**EXERCISE DIRECTIONS:** Your copy should contain exactly the lines from the one that holds "An infographic outlining" through the end of the material, reproduced as written, with no pictures.

START STORED DATA

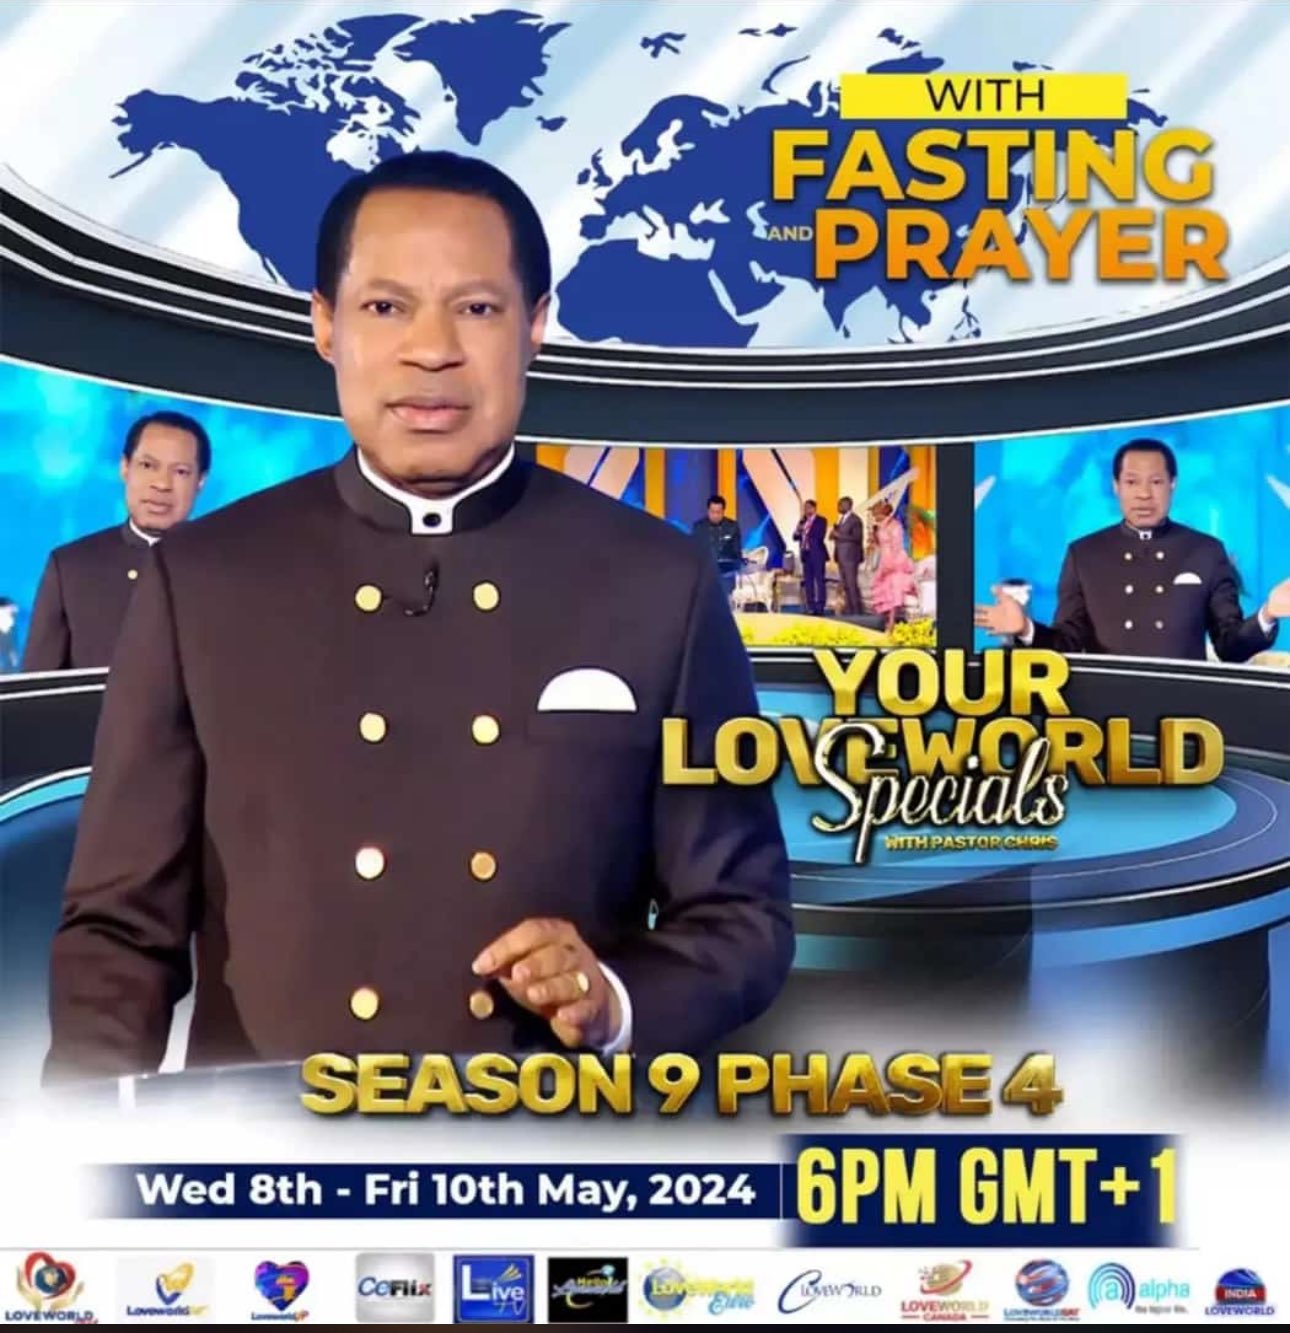 YOUR LOVEWORLD SPECIAL WITH PASTOR CHRIS, SEASON 9 PHASE 4 IS HERE!
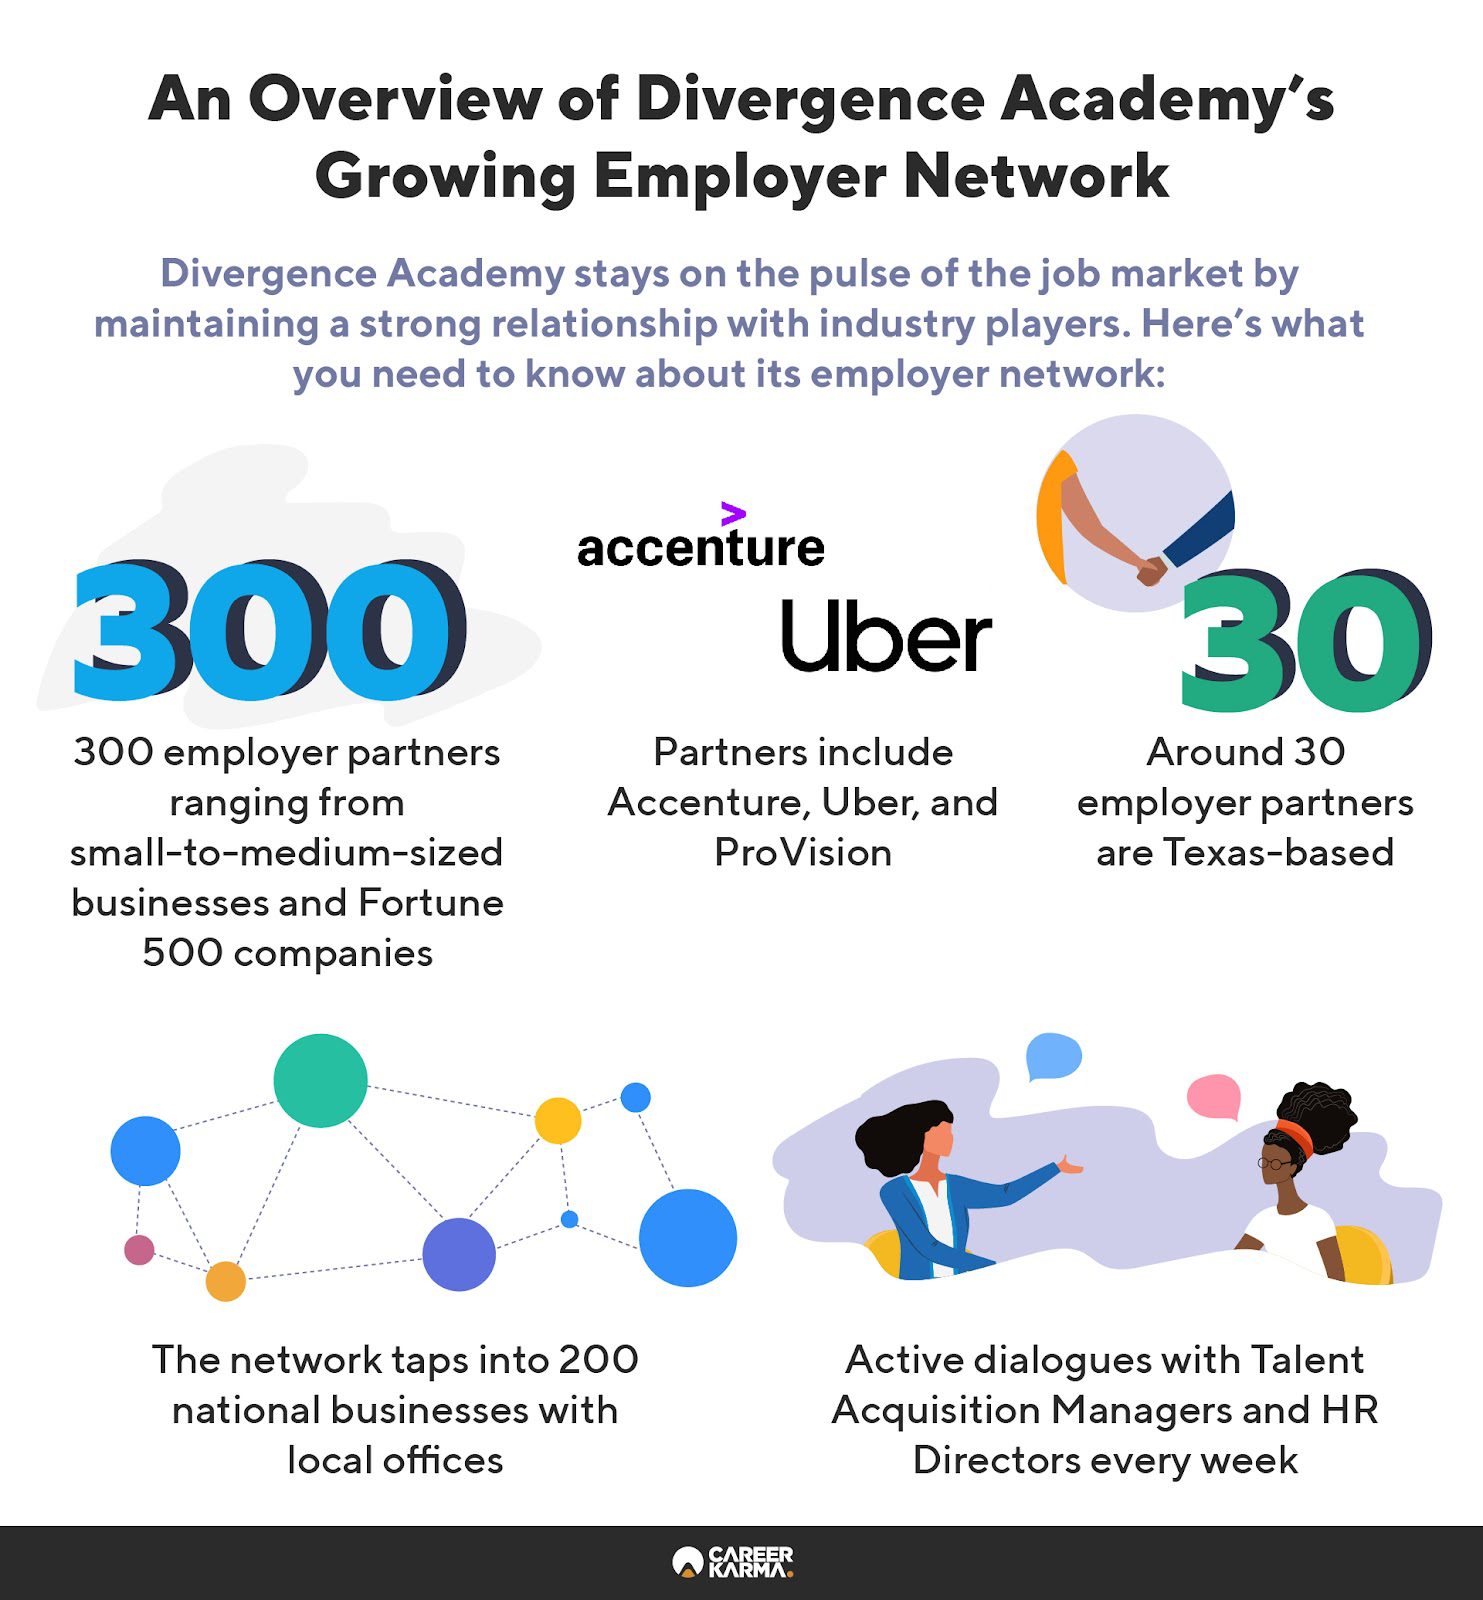 An infographic outlining Divergence Academy’s employer network
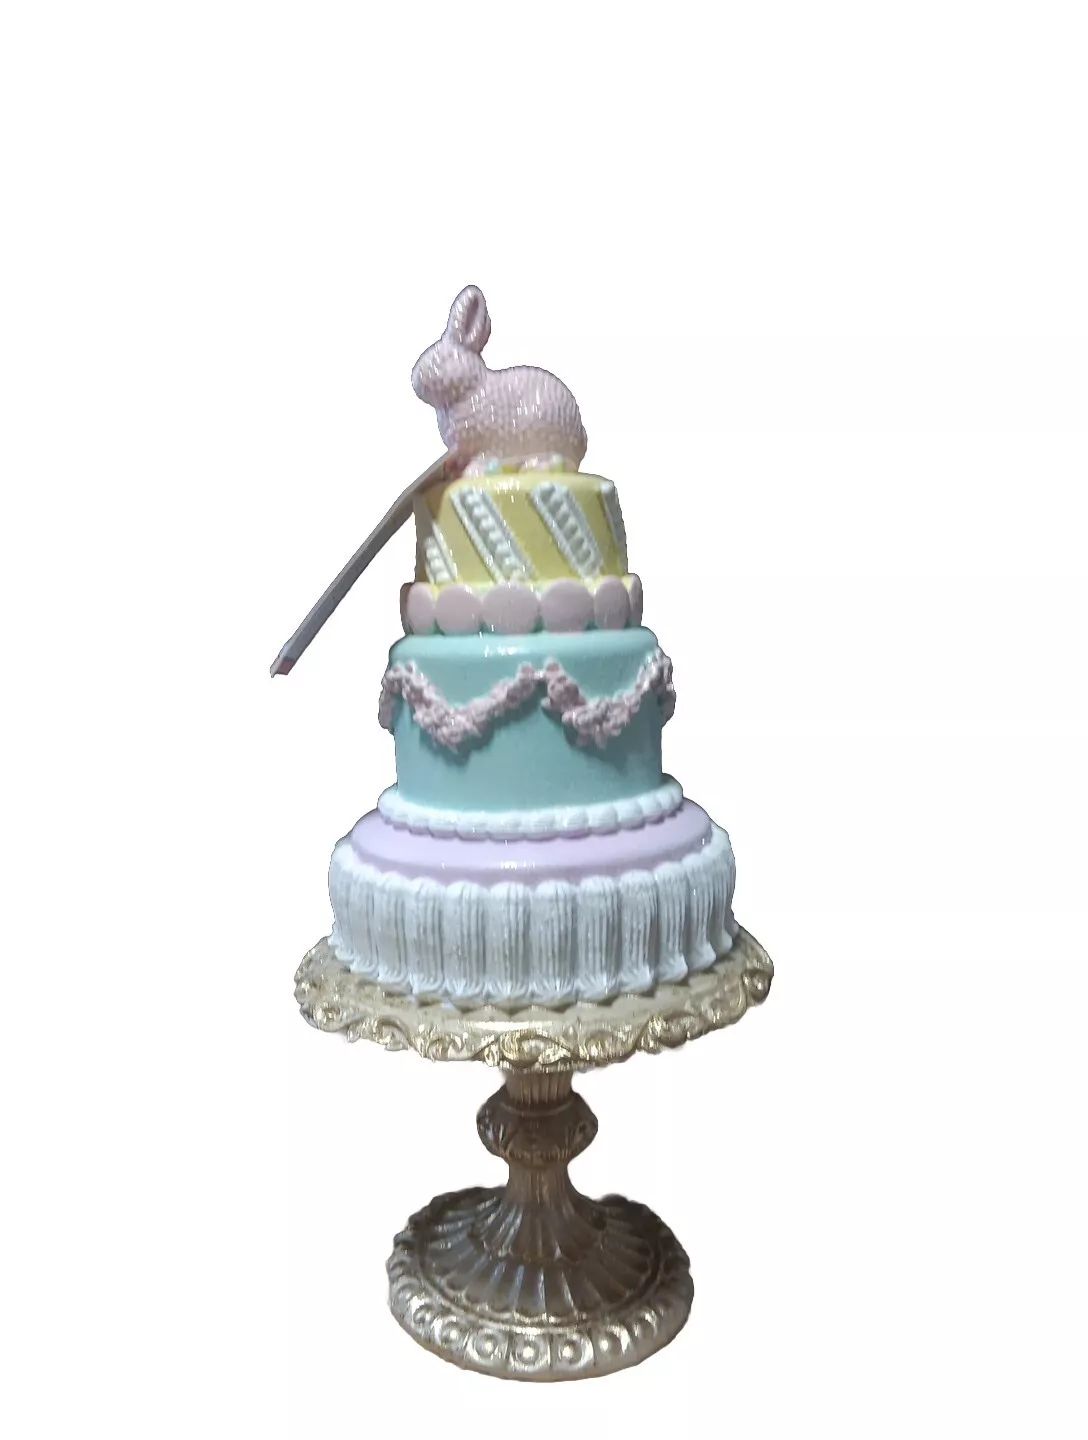 Cupcakes and Cashmere 15" Pastel Easter Bunny Flowers Pedestal Cake NWT  | eBay | eBay US

END STORED DATA

**SOLUTION FOR THIS EXERCISE:**
 An infographic outlining Divergence Academy’s employer network
 Cupcakes and Cashmere 15" Pastel Easter Bunny Flowers Pedestal Cake NWT  | eBay | eBay US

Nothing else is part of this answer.